### WHAT YOU ARE ASKED TO DO
Would you transcribe the listing that follows, character for character, and omit its images?

### STORED DATA
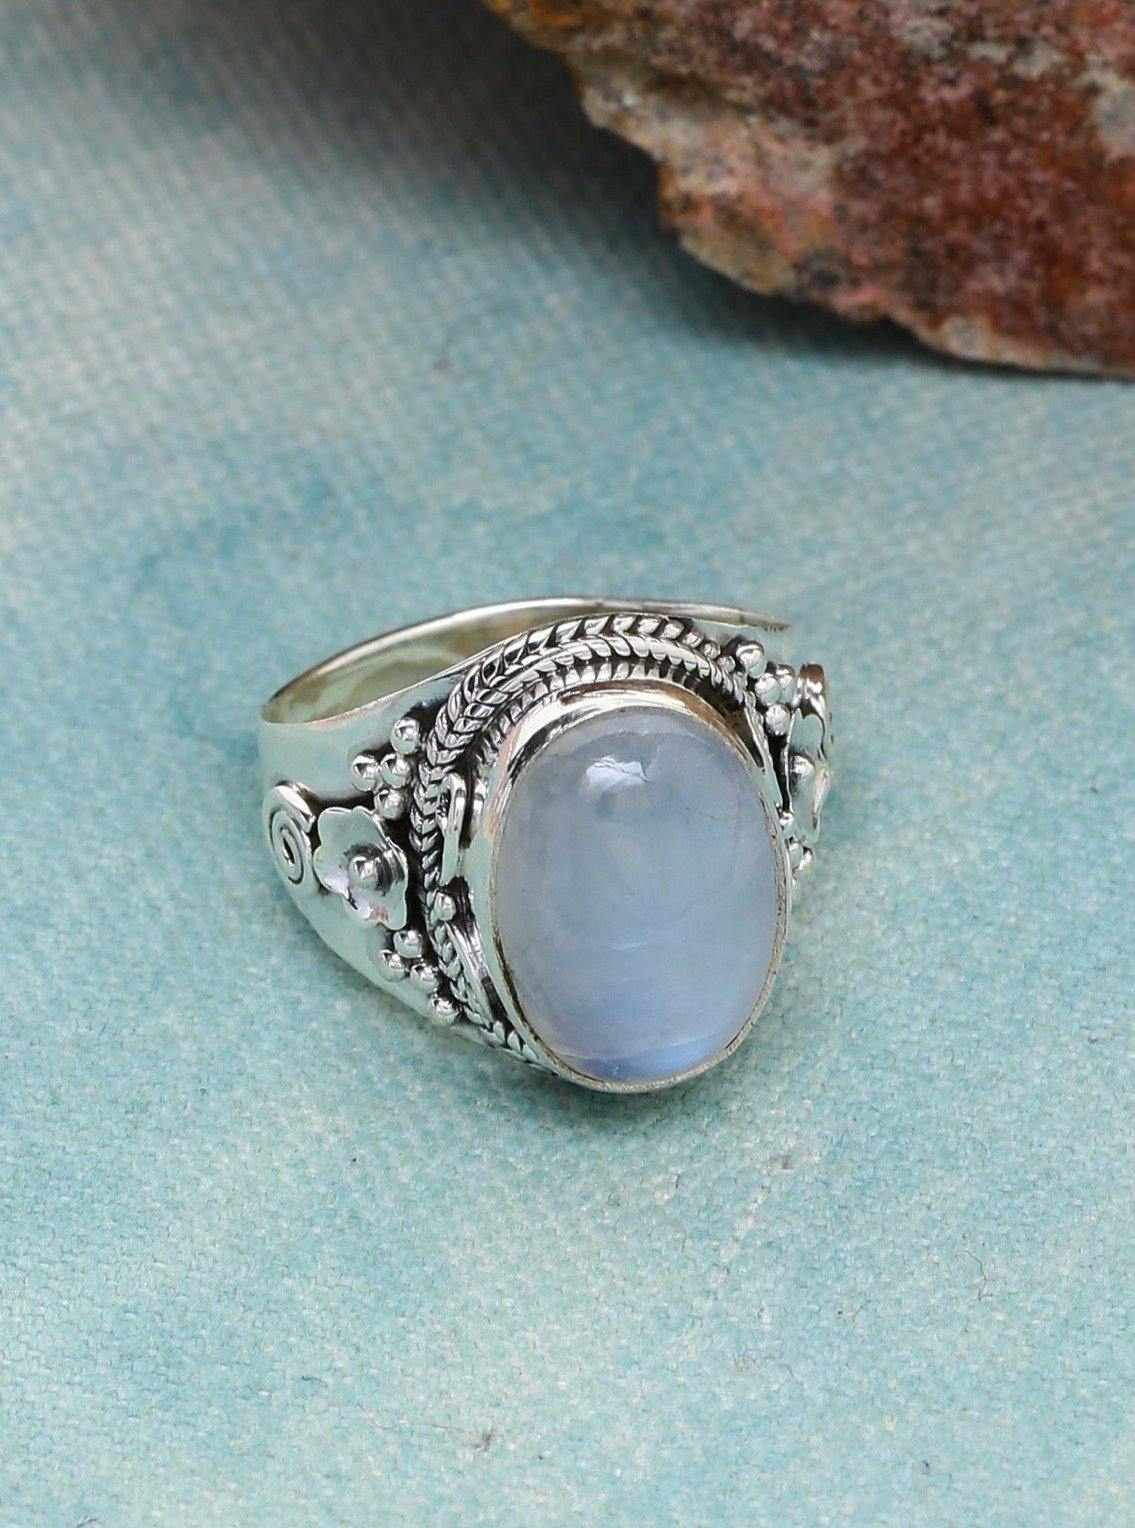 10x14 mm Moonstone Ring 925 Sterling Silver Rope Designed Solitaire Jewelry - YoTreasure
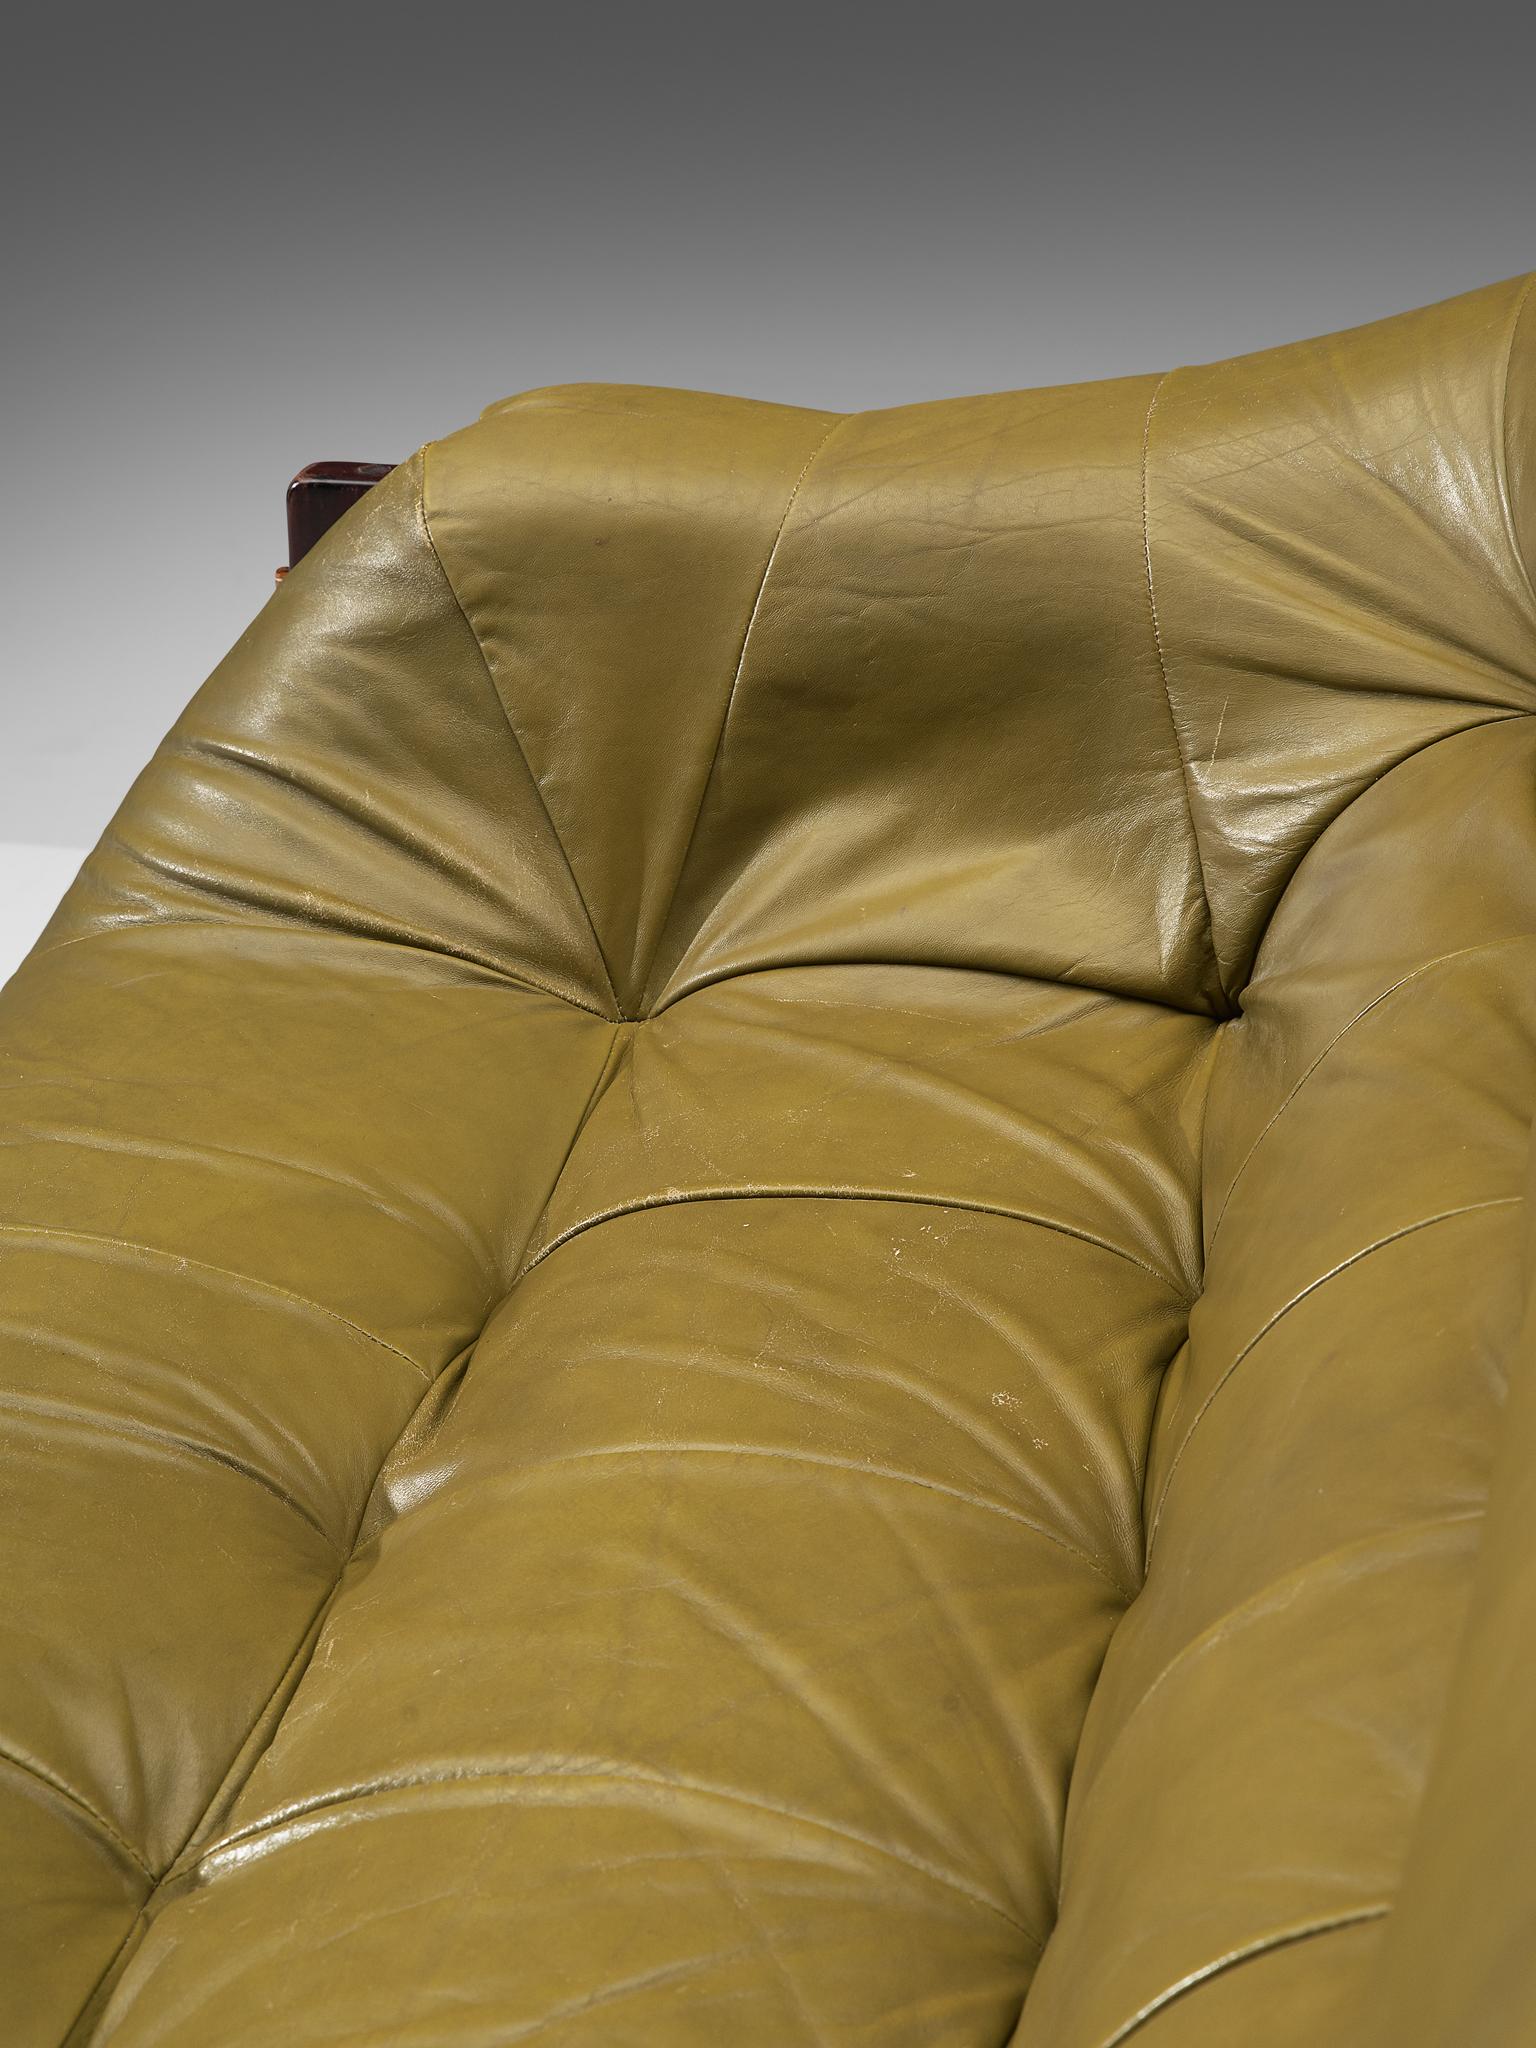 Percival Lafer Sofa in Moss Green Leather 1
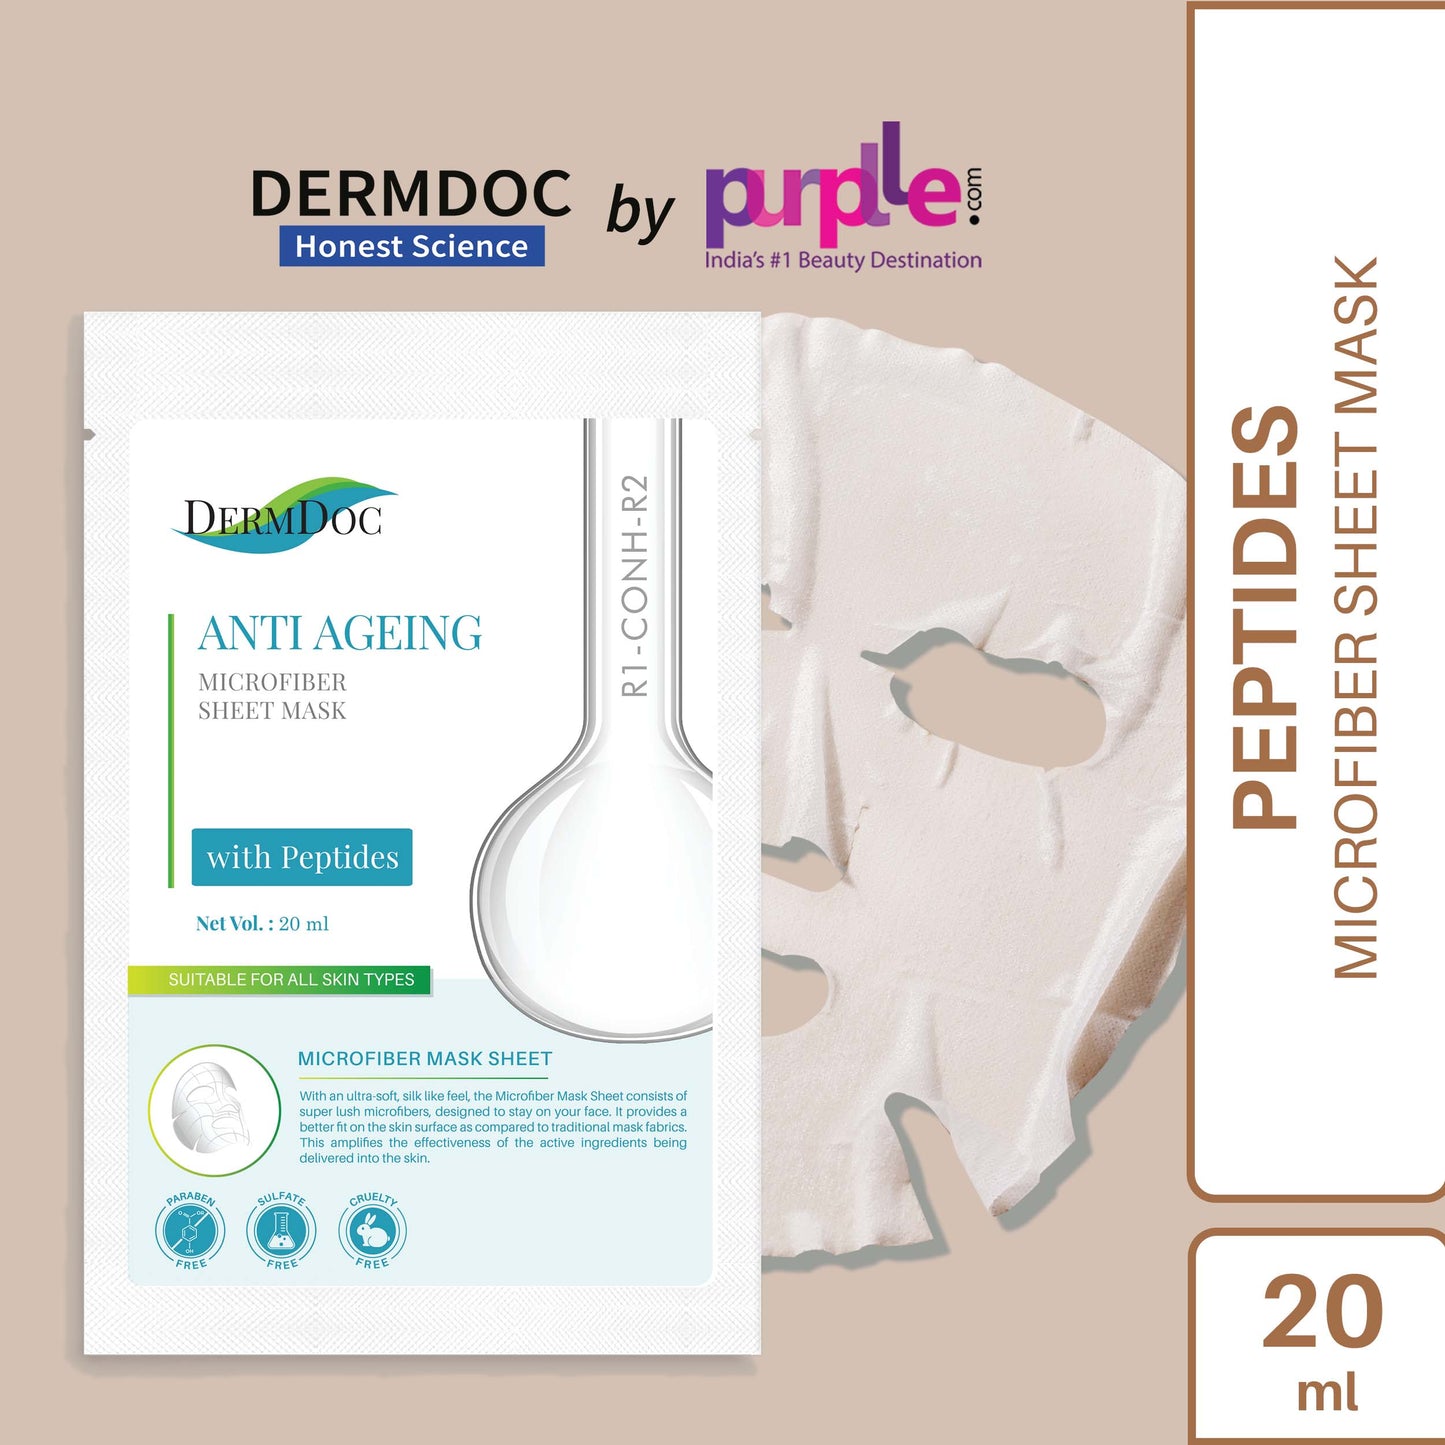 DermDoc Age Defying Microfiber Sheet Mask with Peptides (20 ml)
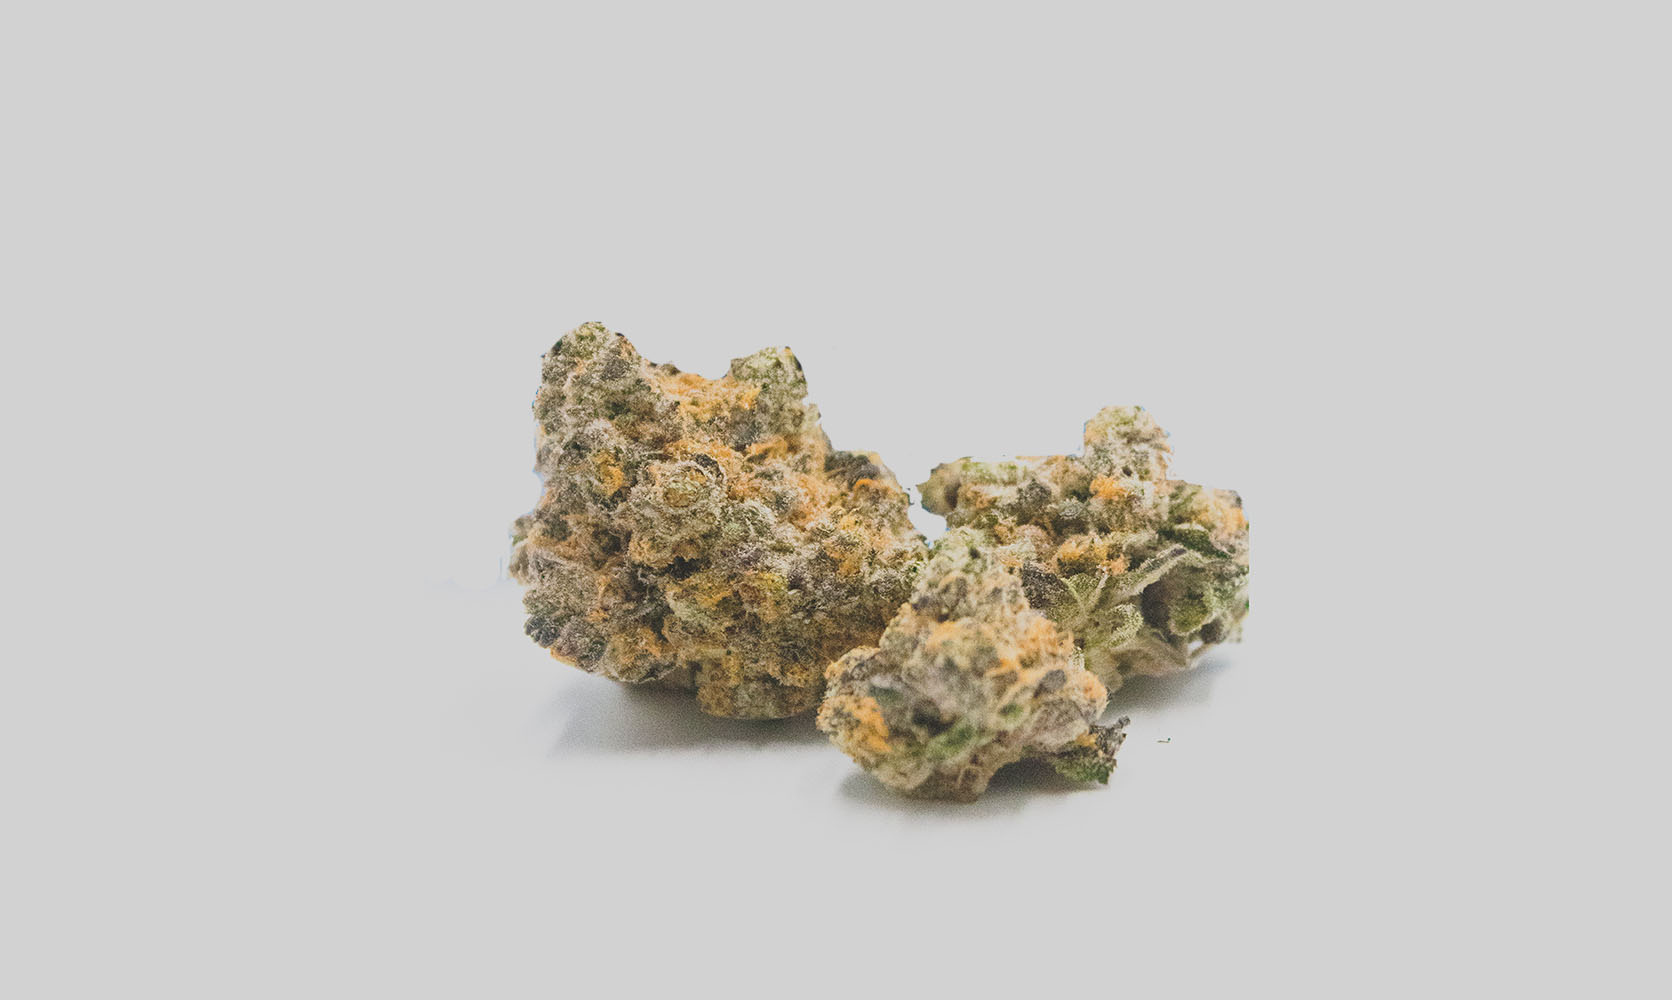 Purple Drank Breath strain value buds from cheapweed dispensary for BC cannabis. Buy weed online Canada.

### TASK OUTPUT
 10x14 mm Moonstone Ring 925 Sterling Silver Rope Designed Solitaire Jewelry - YoTreasure
 Percival Lafer Sofa in Moss Green Leather 1
 DermDoc Age Defying Microfiber Sheet Mask with Peptides (20 ml)
 Purple Drank Breath strain value buds from cheapweed dispensary for BC cannabis. Buy weed online Canada.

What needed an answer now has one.